Dans la nuit de Noël, des missiles américains ont frappé le Nigeria. Washington invoque la défense des chrétiens, mais habitants et experts peinent à comprendre ce choix dans une région relativement calme.
Le soir du 25 décembre, dans le village de Jabo (Sokoto), les habitants ont vu un objet voler dans le ciel, avant une énorme explosion et une boule de feu. La panique a été immédiate : tout le monde a fui dans tous les sens. Des scènes similaires ont été rapportées dans au moins deux autres villages de cette zone frontalière avec le Niger. Donald Trump a parlé d’une « attaque puissante et mortelle contre les ordures terroristes de l’État islamique », comme le rapporte le Financial Times.
.@POTUS “Tonight, at my direction as Commander in Chief, the United States launched a powerful and deadly strike against ISIS Terrorist Scum in Northwest Nigeria, who have been targeting and viciously killing, primarily, innocent Christians, at levels not seen for many years, and… pic.twitter.com/ct7rUW128t
— Department of War 🇺🇸 (@DeptofWar) December 26, 2025
Les États-Unis affirment avoir détruit plusieurs camps de combattants liés à l’État islamique et tué plusieurs d’entre eux. Donald Trump va même plus loin, assurant que ces camps ont été « décimés ». Pourtant, à Jabo, les habitants sont perplexes : les missiles sont tombés dans des champs vides, sans faire de victimes. La zone était calme depuis près de deux ans. À la télévision nigériane, on voit des morceaux de métal brûlés au milieu des terres agricoles.
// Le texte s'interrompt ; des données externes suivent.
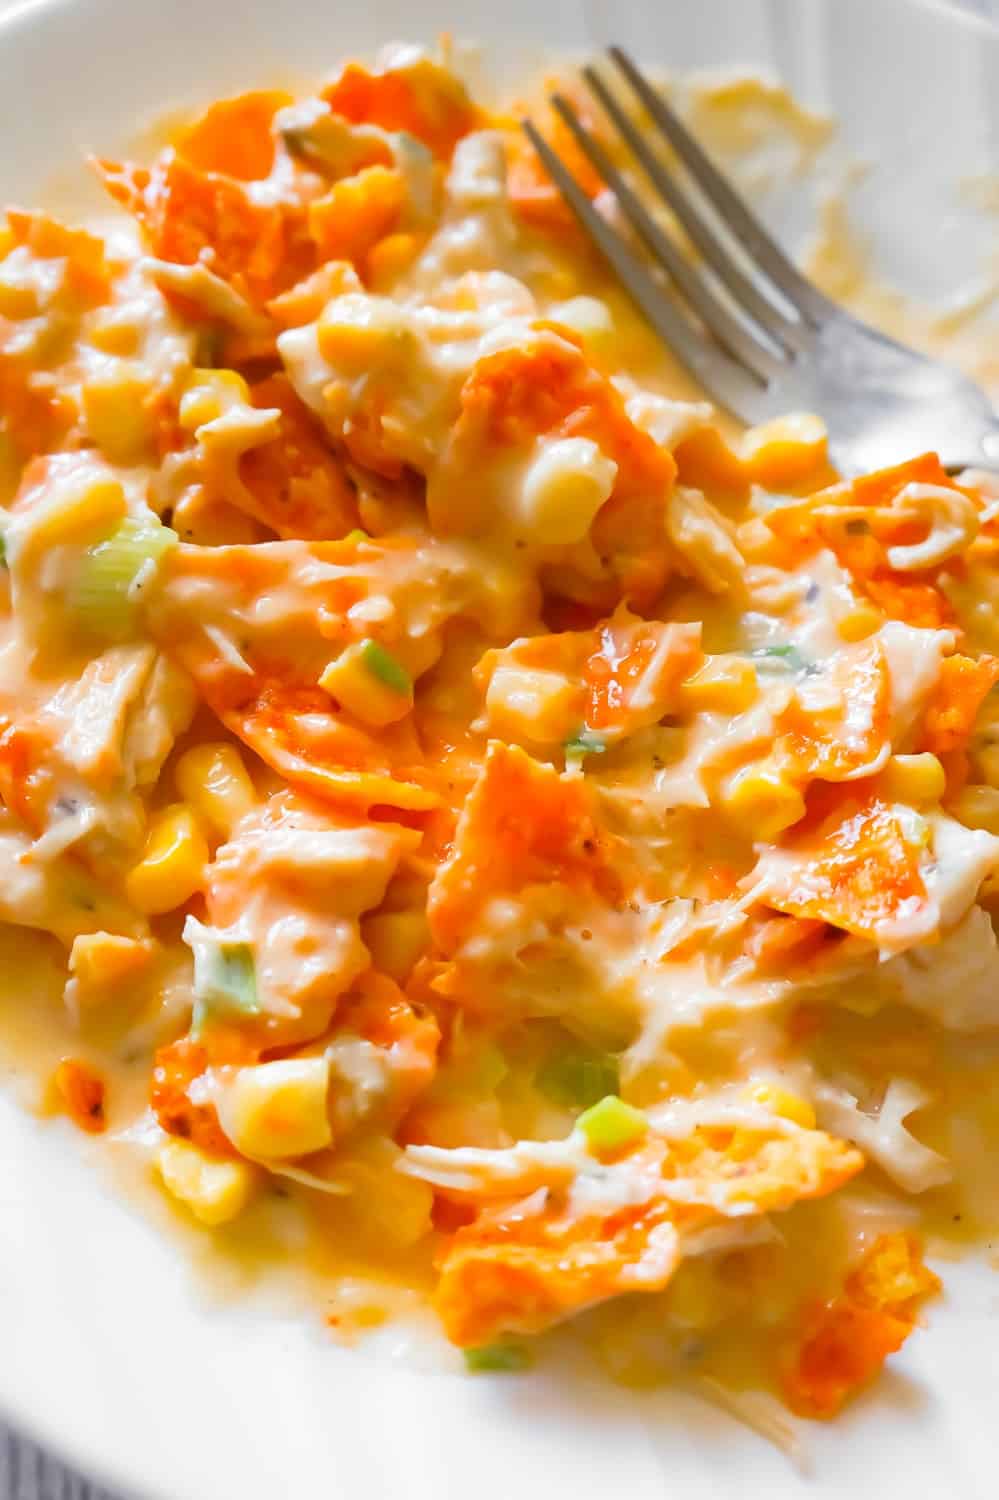 Instant Pot Doritos Chicken Casserole is an easy chicken dinner recipe the whole family will love. This creamy chicken casserole is loaded with corn, green onions, cream cheese, mozzarella and cheddar cheese.

Un habitant témoigne sur une chaîne locale : « Gloire à Dieu, personne n’est mort. »
Une opération coordonnée avec le Nigeria
L’armée nigériane a confirmé avoir travaillé « main dans la main » avec les États-Unis, sur la base de renseignements jugés fiables. L’opération a été validée par le président Bola Tinubu. Objectif affiché : empêcher des combattants étrangers, venus du Sahel voisin, de s’installer dans la région.
Seize missiles guidés par GPS ont été tirés depuis des navires dans le golfe de Guinée, visant des caches situées dans la forêt de Bauni. Des débris sont également retombés dans d’autres zones, sans faire de blessés, précise le média américain.
Pourquoi Sokoto ? Une cible qui interroge
Malgré ces explications officielles, le choix de Sokoto suscite de nombreuses interrogations au Nigeria. L’État est musulman à près de 100% et souffre surtout de banditisme classique, pas d’attaques ciblant les chrétiens, qui y sont très rares. D’autres régions, comme l’État de Borno, ont connu bien davantage de terrorisme islamiste. Depuis plus de dix ans, le pays est confronté à une violence diffuse mêlant bandits armés, enlèvements, conflits entre éleveurs et agriculteurs, et extrémisme. En 2024, près de 9 500 personnes ont été tuées dans ces violences, musulmans comme chrétiens, selon les données de l’Acled.
Donald Trump justifie l’intervention par la nécessité de protéger les chrétiens, un thème qu’il met régulièrement en avant. Les frappes interviennent après un attentat dans une mosquée à Maiduguri et l’enlèvement de centaines d’enfants dans une école catholique ailleurs dans le pays. Pour des experts nigérians comme Mustapha Gembu, cité par le Financial Times, le choix de Sokoto est « très douteux » : on y trouve bien plus de bandits que de terroristes visant spécifiquement les chrétiens. Et surtout, Sokoto reste le cœur historique et spirituel de l’islam au Nigeria.
Depuis que Donald Trump a menacé en novembre d’intervenir militairement pour protéger les chrétiens, le gouvernement nigérian a multiplié les gestes d’apaisement : visites à Washington, changement de ministre de la Défense. Mais certains, comme l’opposant Umar Ardo, s’interrogent sur le degré réel de contrôle d’Abuja sur l’opération et réclament des explications claires. Un haut responsable nigérian, s’exprimant anonymement dans le média américain, reconnaît lui-même chercher encore à comprendre quand et comment son pays a été informé des cibles précises. Pour beaucoup, Sokoto n’était clairement pas la priorité la plus évidente.
Jusqu’ici, les frappes américaines visaient surtout la Somalie. Cette opération de Noël marque donc une entrée directe des États-Unis au Nigeria, mais elle laisse derrière elle plus de questions que de réponses. Dans un pays où la violence touche toutes les communautés sans distinction religieuse, bombarder une région très musulmane au nom de la protection des chrétiens apparaît, pour beaucoup, comme un paradoxe.